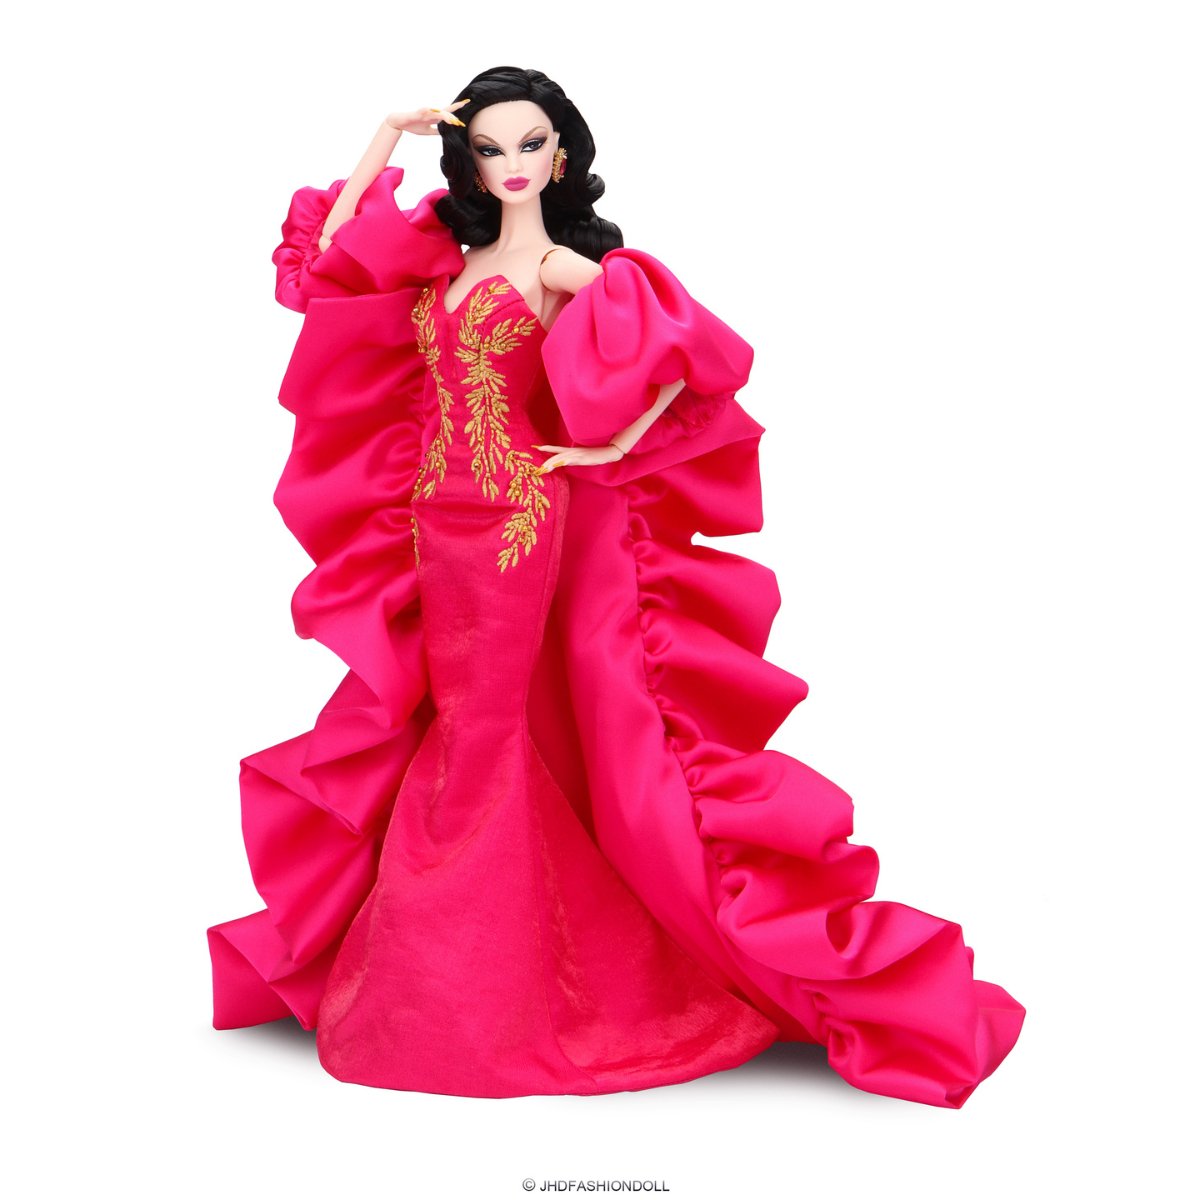 JHDFASHIONDOLL™ GLAMOROUS DARLING: MONIKA KatieGirl Doll - Simon's Collectibles
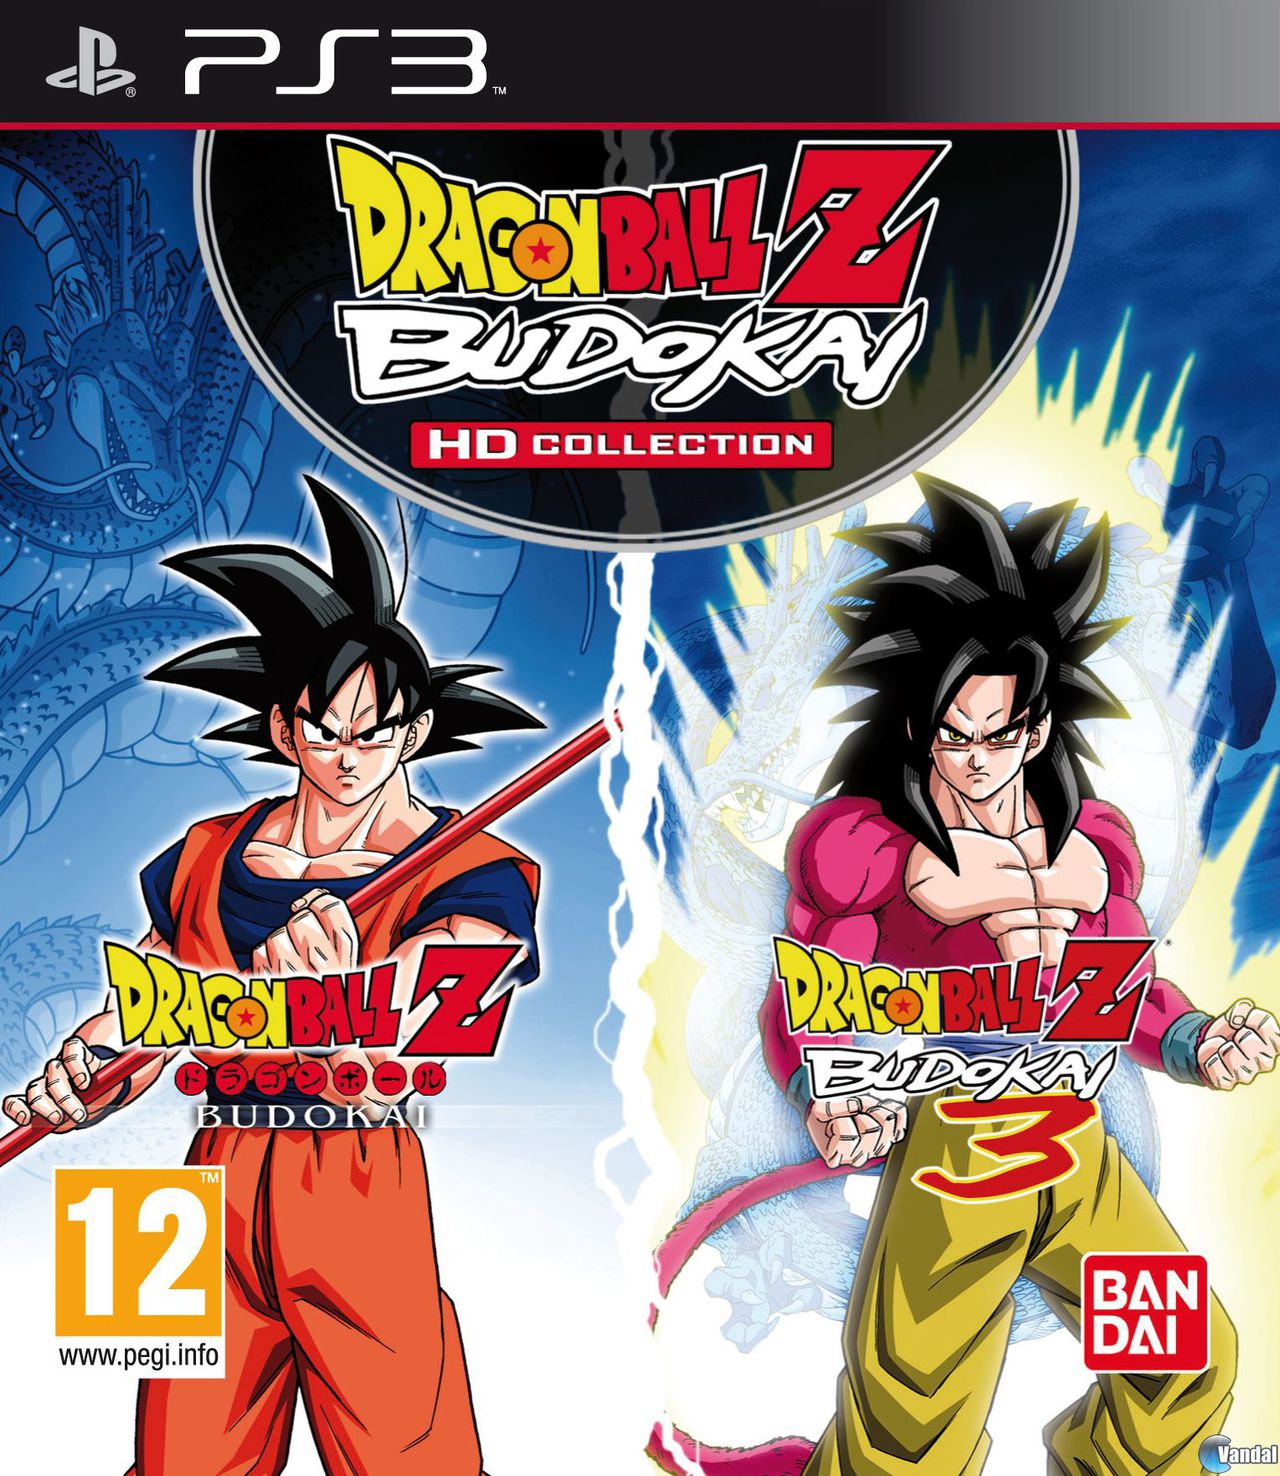 Sin personal Marcado ayer Dragon Ball Z Budokai HD Collection - Videojuego (PS3 y Xbox 360) - Vandal
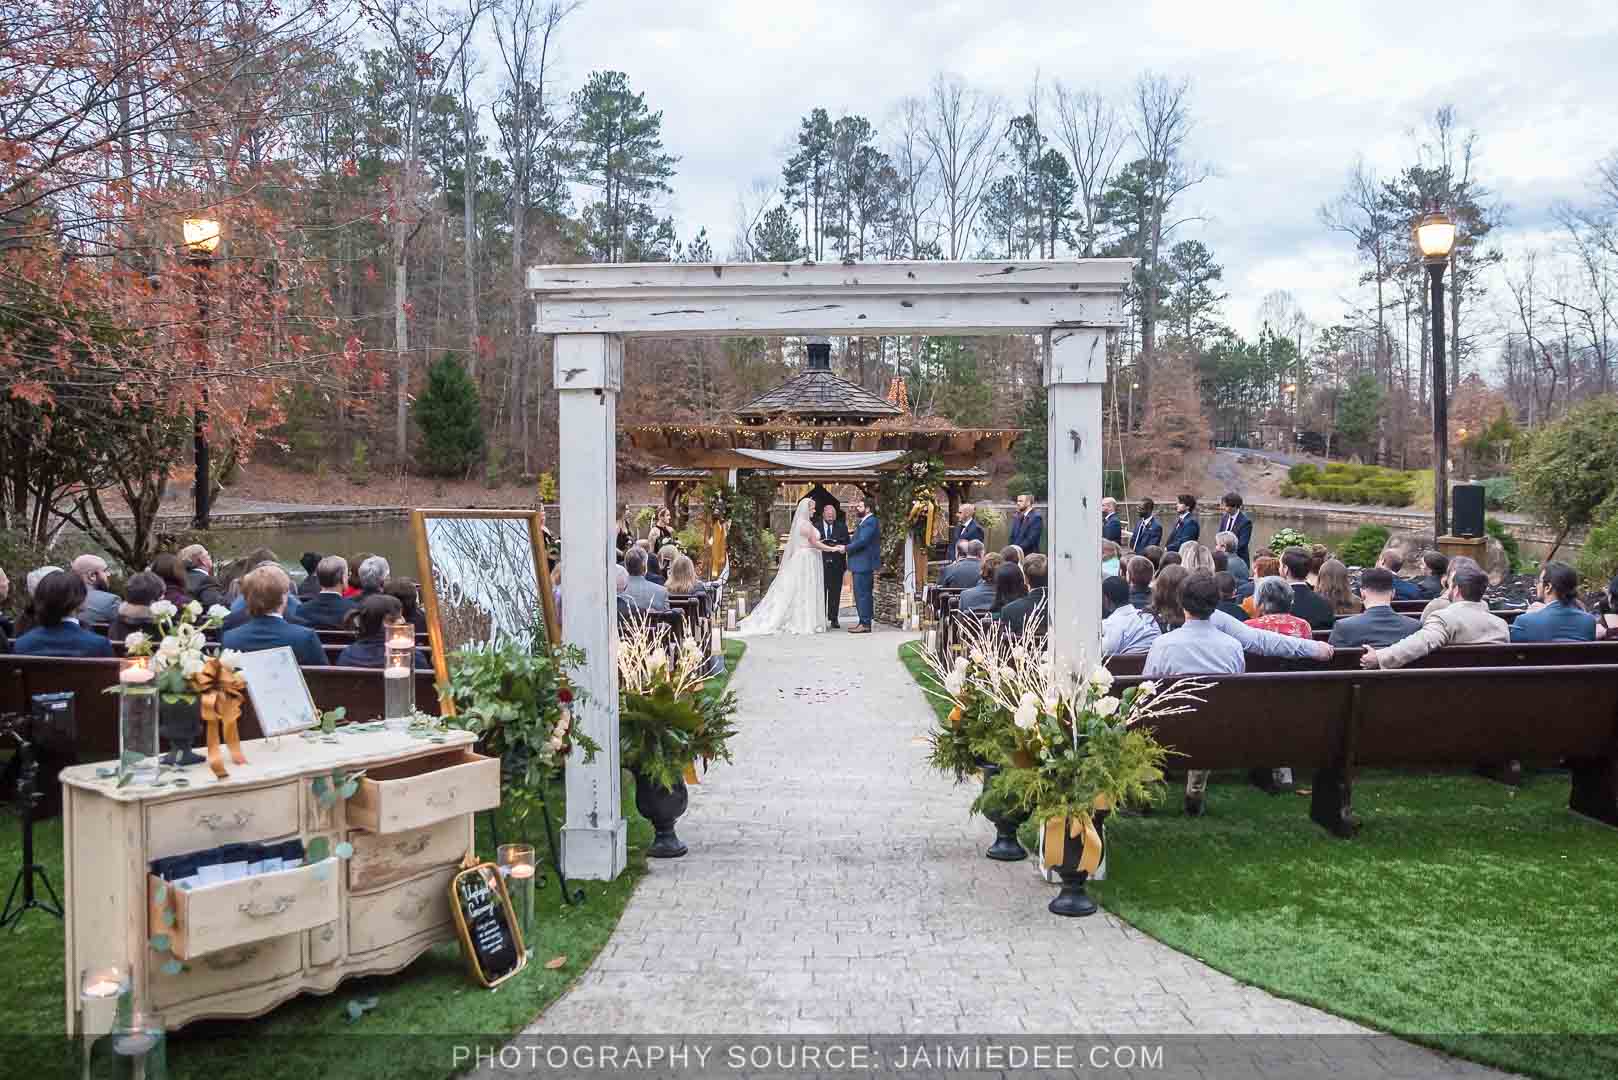 Rocky's Lake Estate Wedding Venue - Wedding ceremony - full view of ceremony site

▶ Required work
Provide the lines again, unchanged, from where the data above begins through the line containing "Sin personal Marcado", both ends included, omitting pictures and adding nothing.

▶ Solution to the exercise
 JHDFASHIONDOLL™ GLAMOROUS DARLING: MONIKA KatieGirl Doll - Simon's Collectibles
 Sin personal Marcado ayer Dragon Ball Z Budokai HD Collection - Videojuego (PS3 y Xbox 360) - Vandal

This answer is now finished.